▸ What to produce:
An exact repetition of the data is required; no picture should appear in it.

▸ Information supplied:
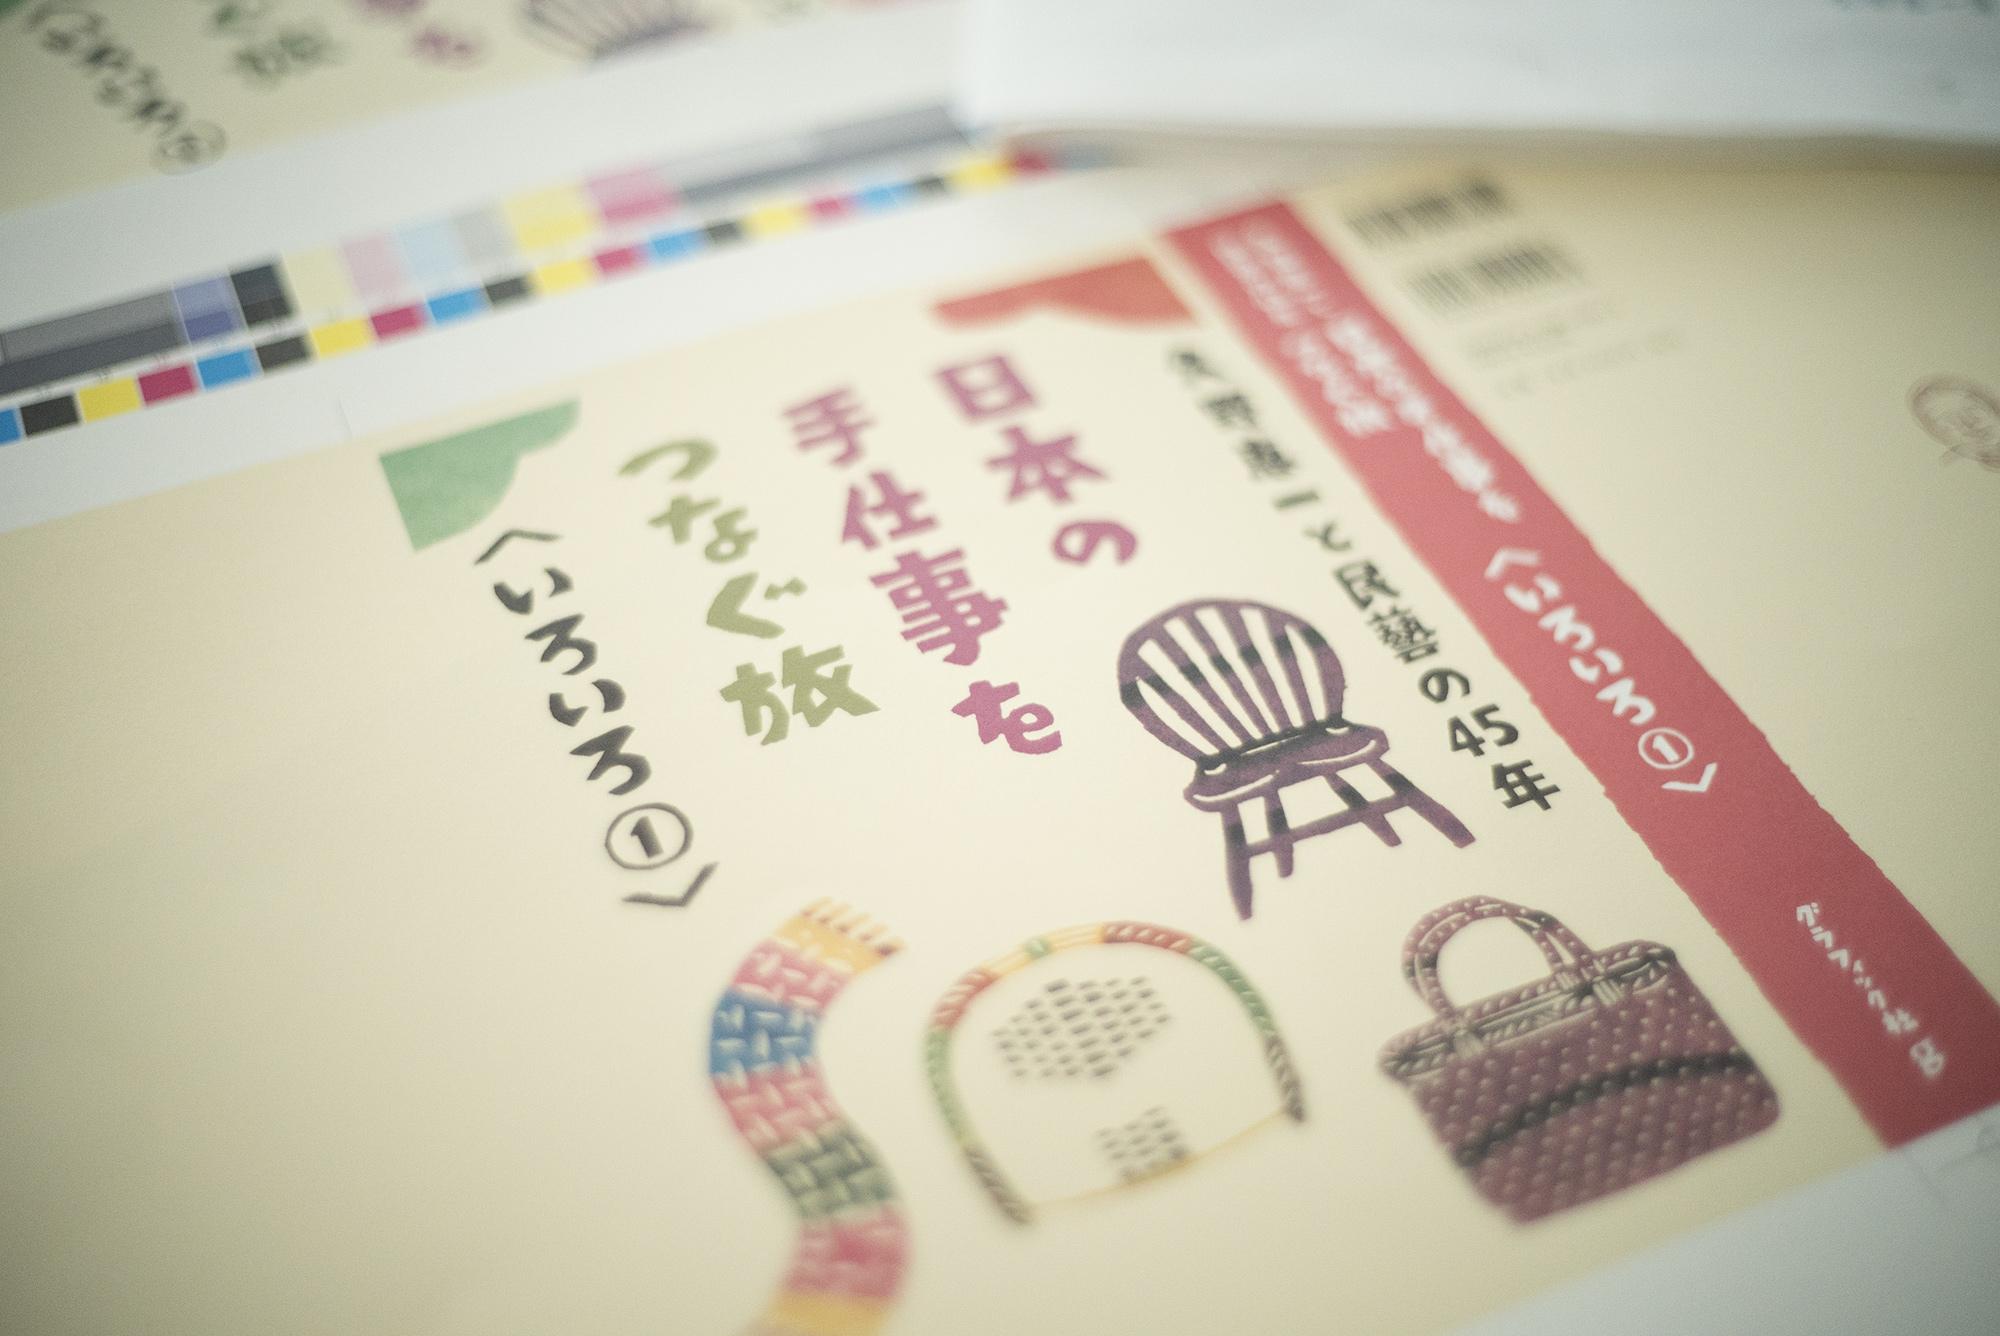 久野恵一と民藝の45年 日本の手仕事をつなぐ旅 装幀 デザイン
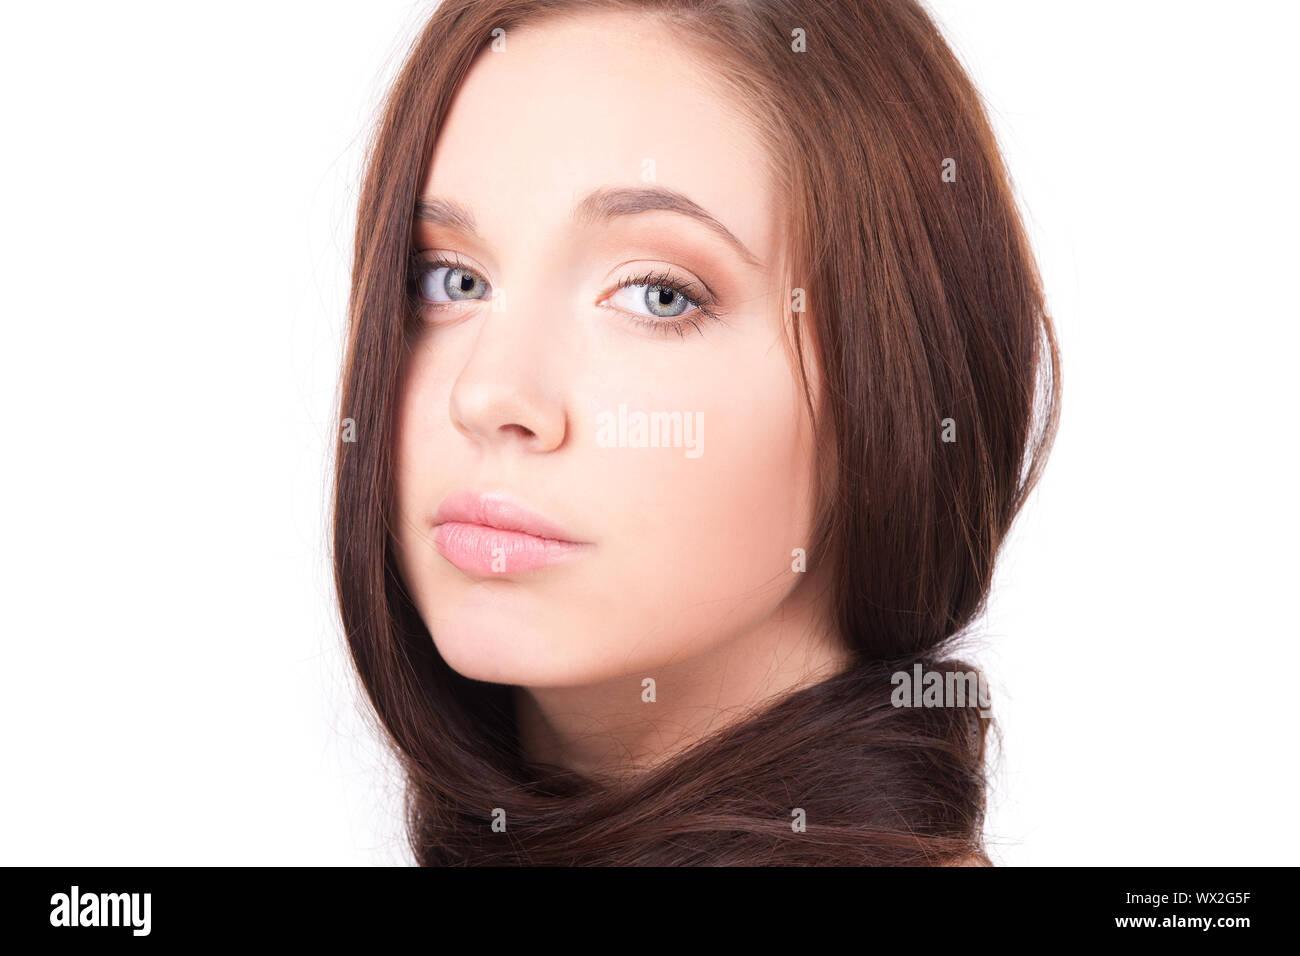 Braune haare mädchen 15 jahre hübsches Sunshine
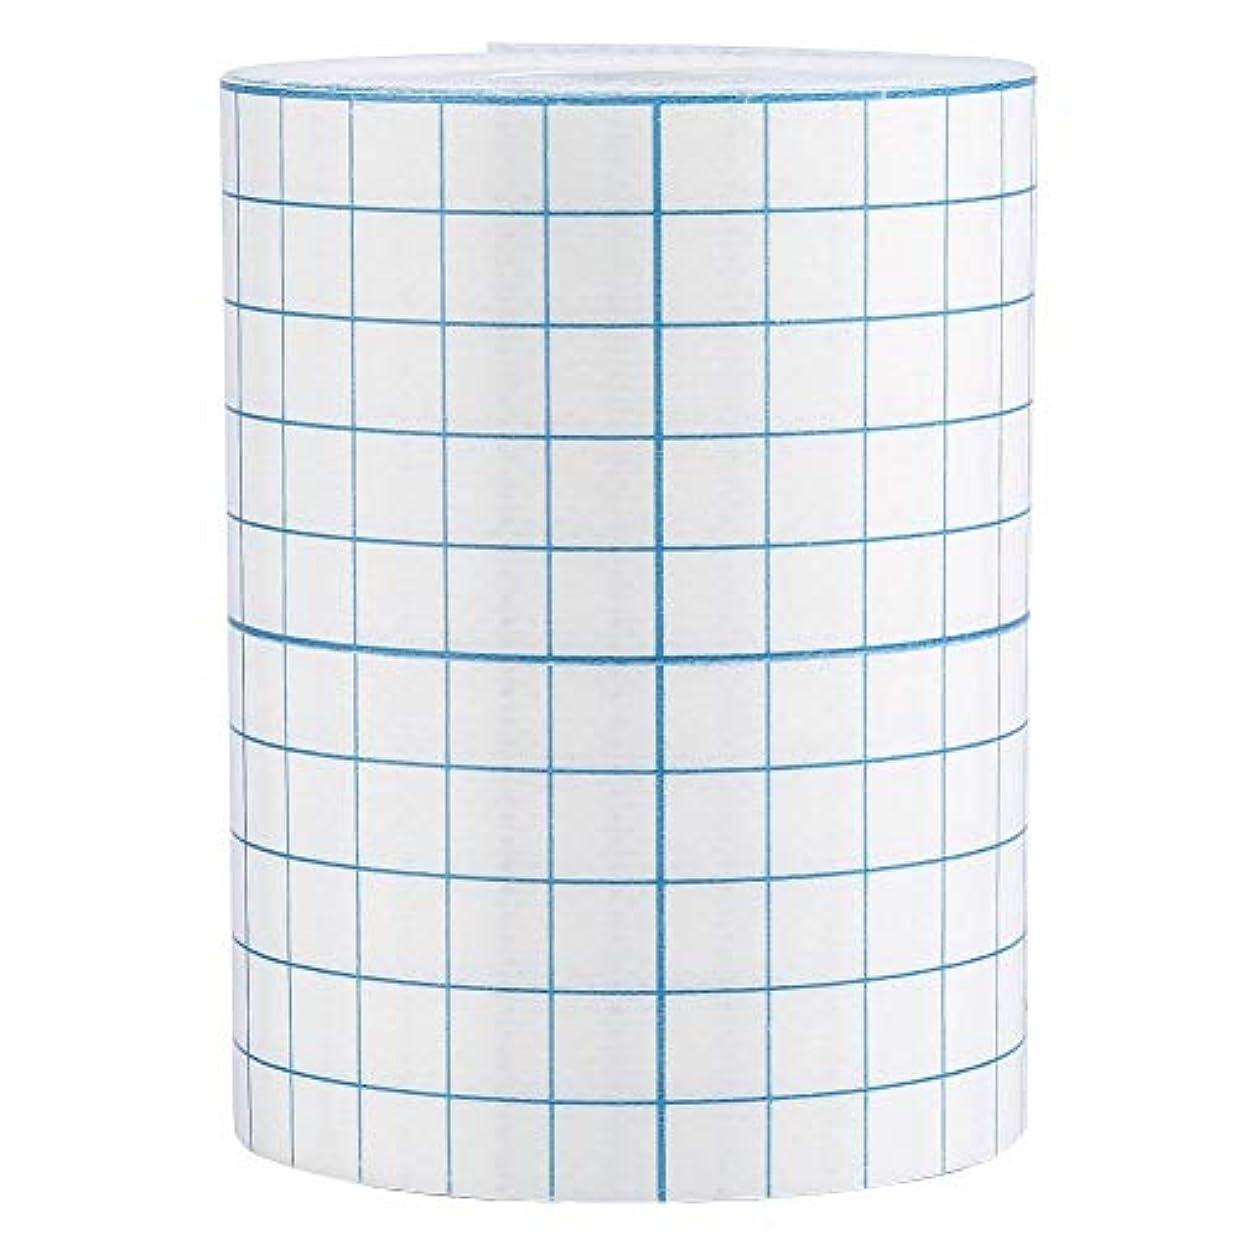 プラスチック実証するフリッパー3サイズ1ロールプロフェッショナル不織布接着創傷ドレッシング医療用固定テープ包帯(10cm x 10m)
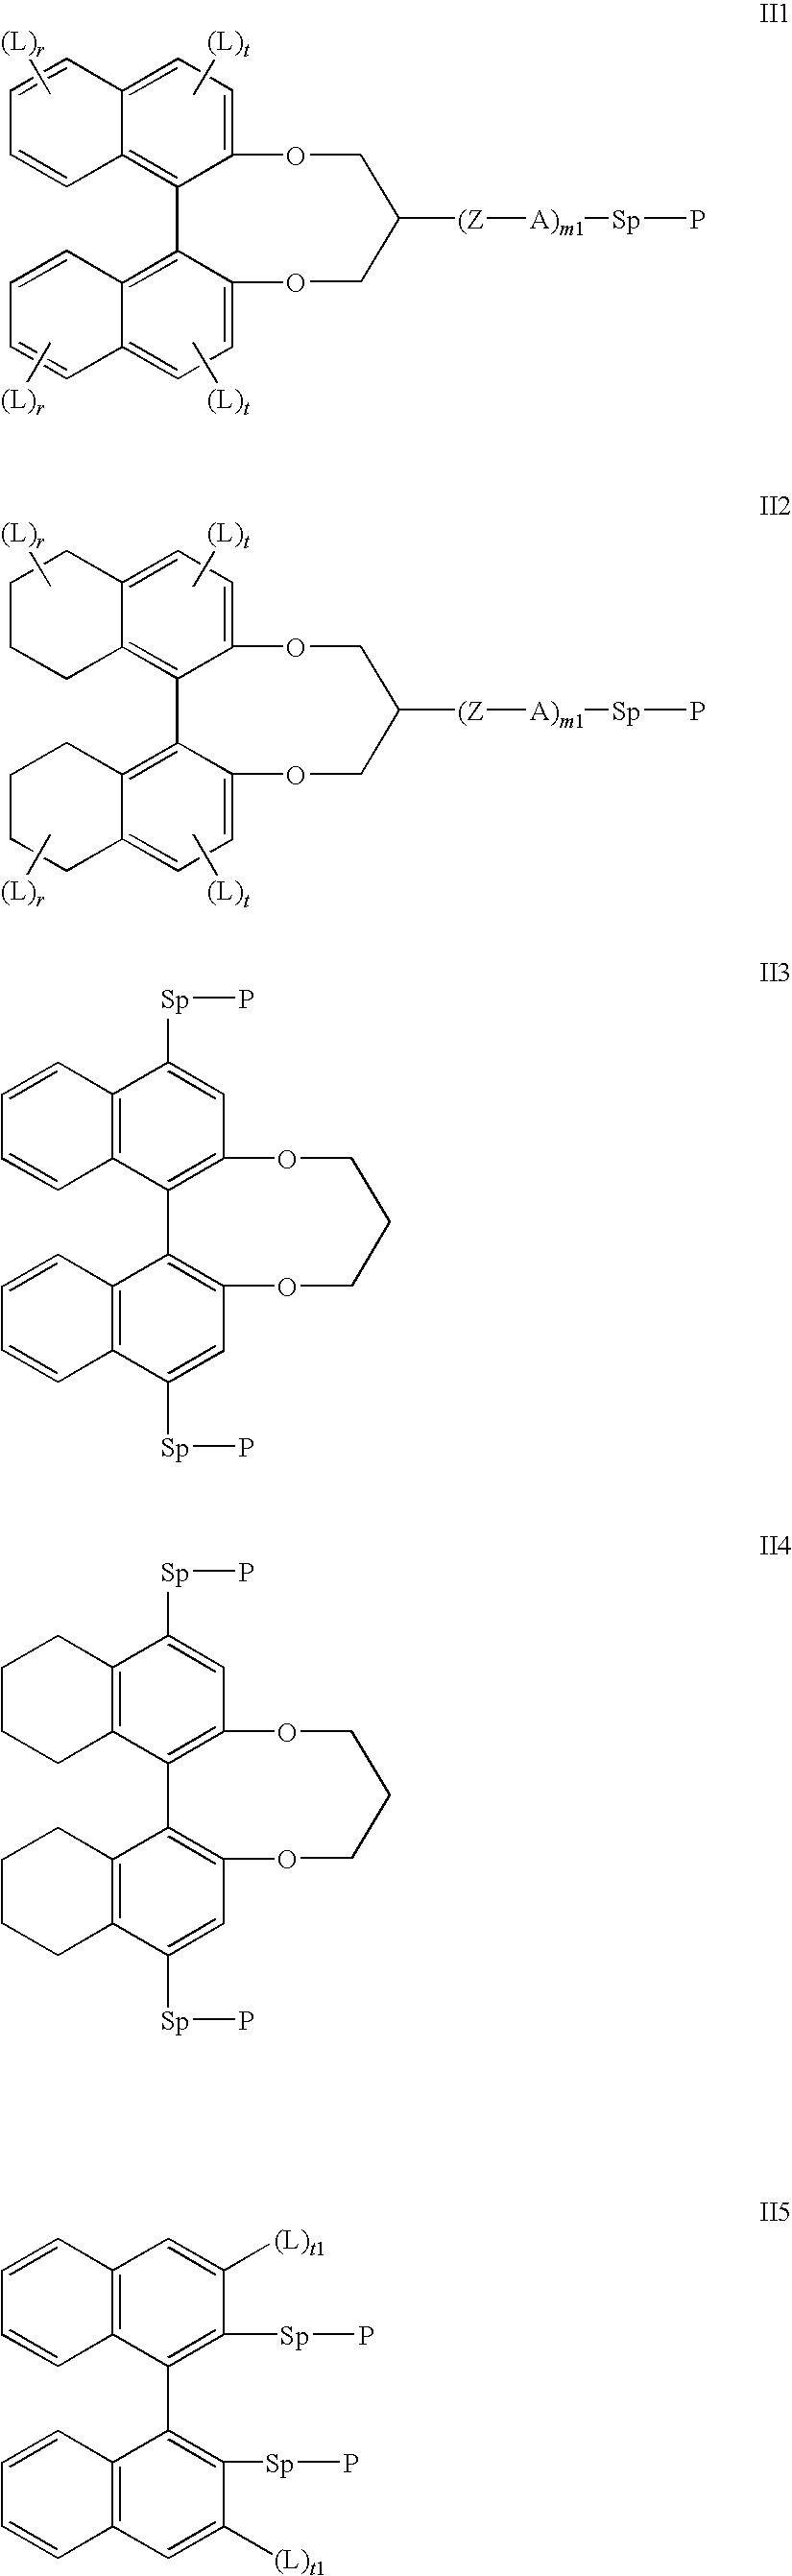 Figure US20100304049A1-20101202-C00010

▸ Exercise answer:
 久野恵一と民藝の45年 日本の手仕事をつなぐ旅 装幀 デザイン
 Braune haare mädchen 15 jahre hübsches Sunshine
 プラスチック実証するフリッパー3サイズ1ロールプロフェッショナル不織布接着創傷ドレッシング医療用固定テープ包帯(10cm x 10m)
 Figure US20100304049A1-20101202-C00010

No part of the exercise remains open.